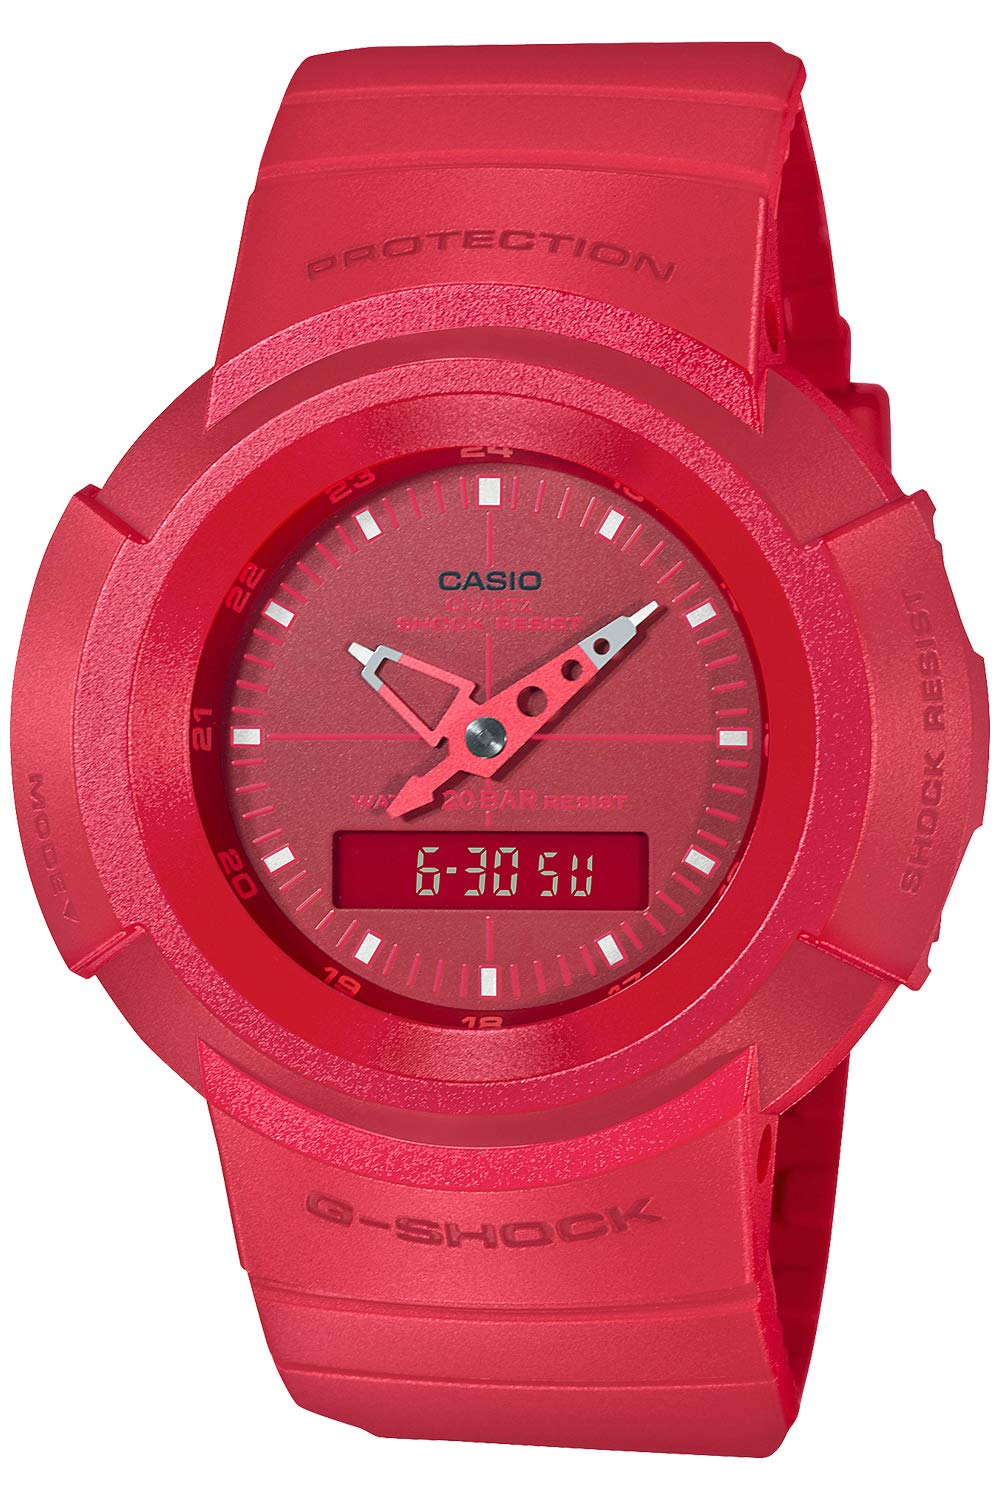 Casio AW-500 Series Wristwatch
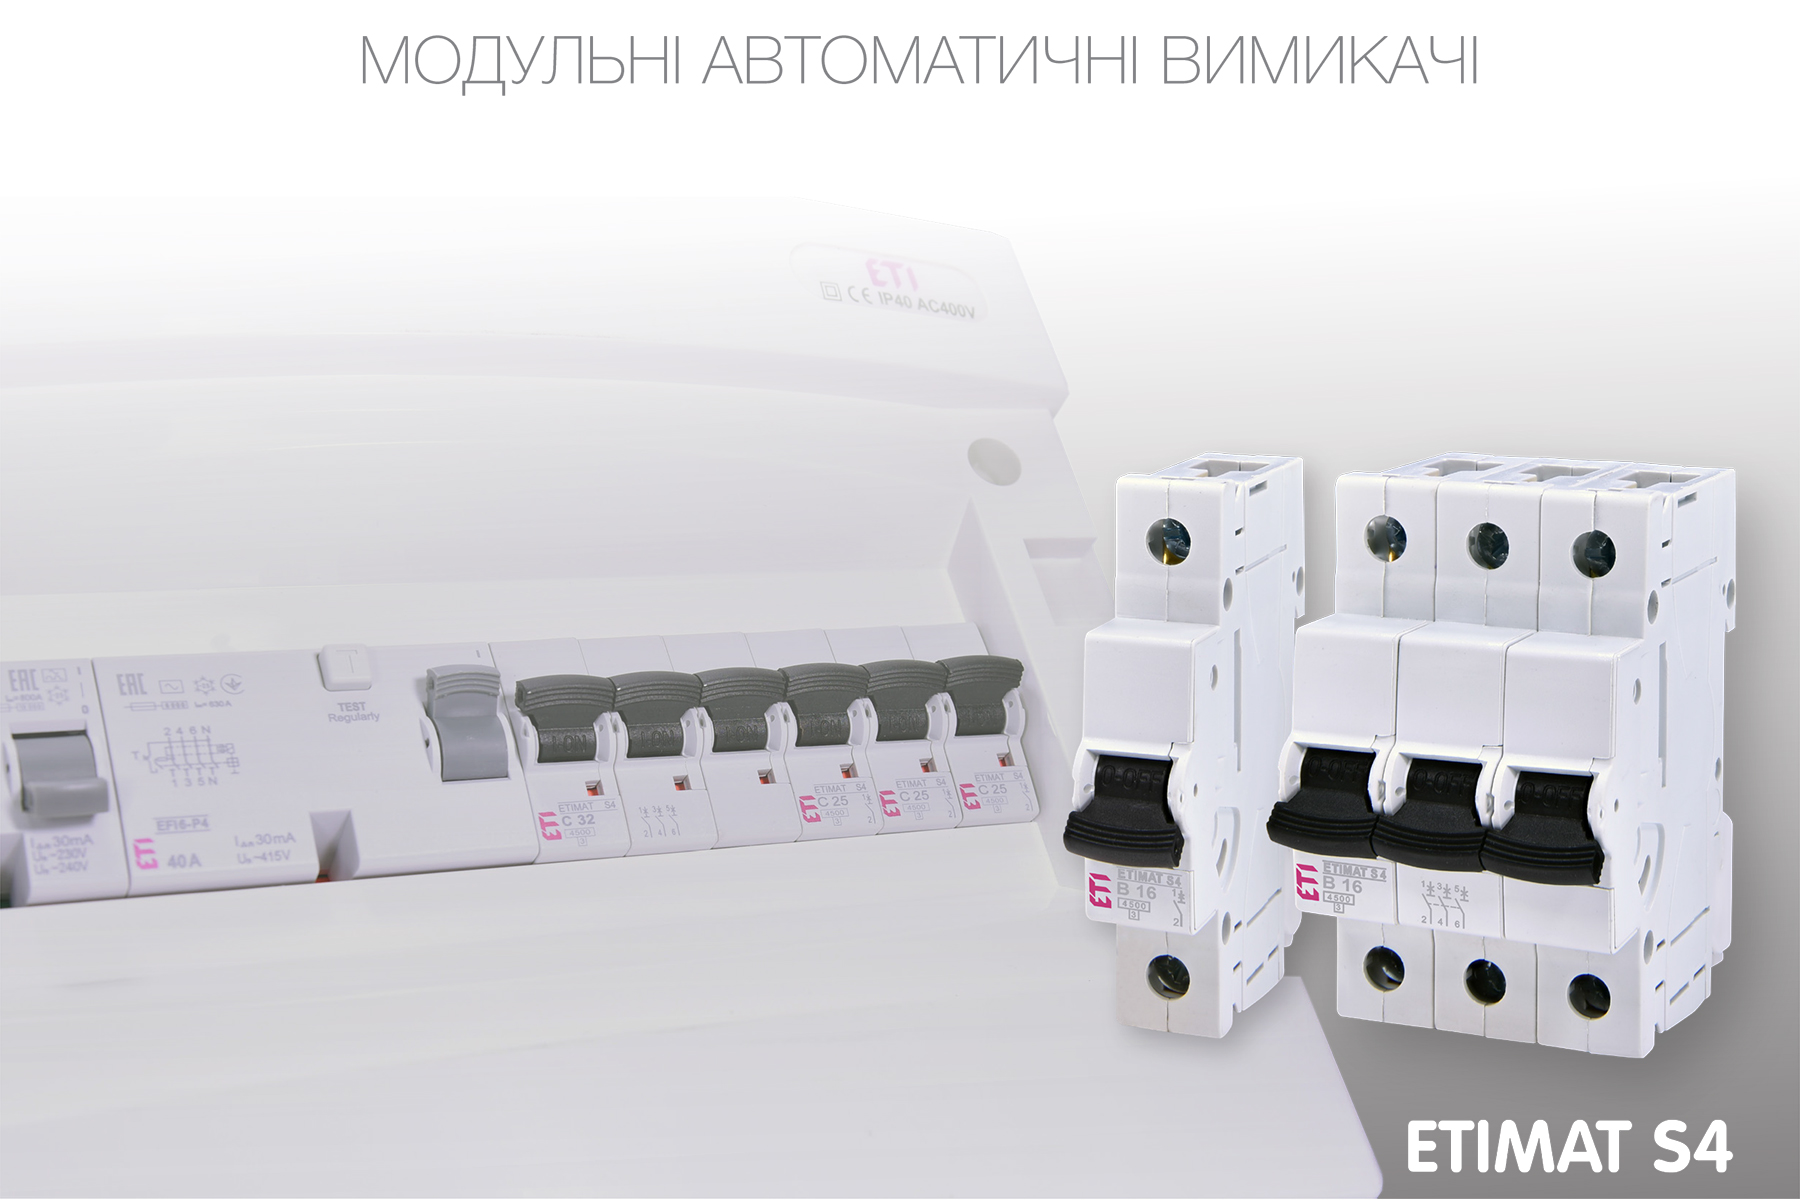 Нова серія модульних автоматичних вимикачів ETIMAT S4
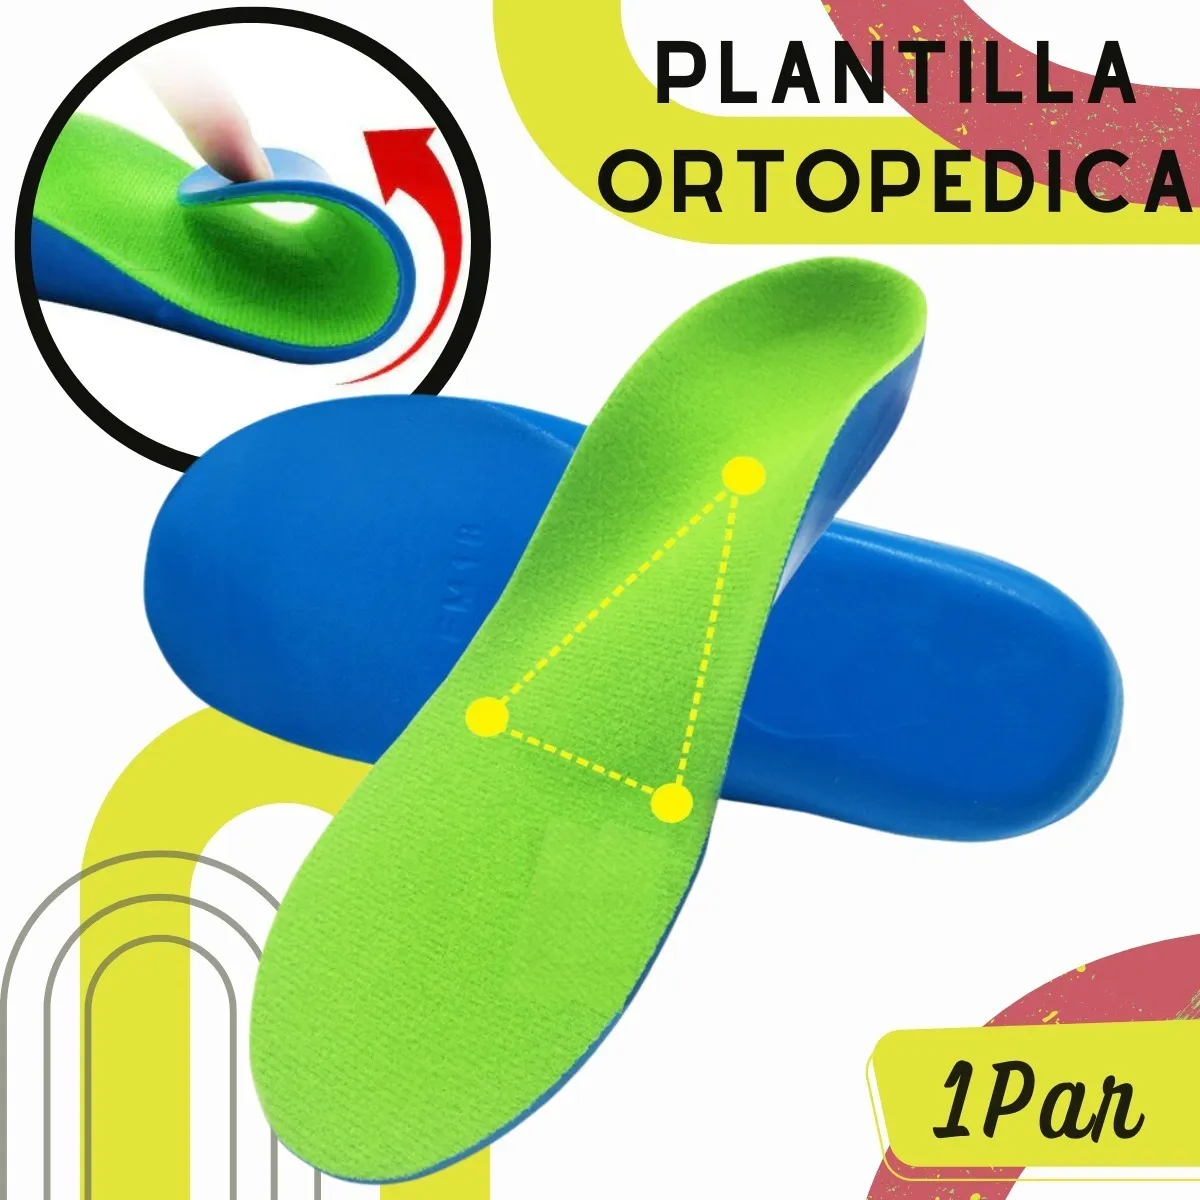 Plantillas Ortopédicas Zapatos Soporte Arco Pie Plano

## WHAT YOU ARE ASKED TO DO
All that is needed here is the run of lines from the one containing "Нова серія модульних" through the end of the material above, reproduced exactly and without pictures.

## OUTPUT OF THE EXERCISE
 Нова серія модульних автоматичних вимикачів ETIMAT S4
 Plantillas Ortopédicas Zapatos Soporte Arco Pie Plano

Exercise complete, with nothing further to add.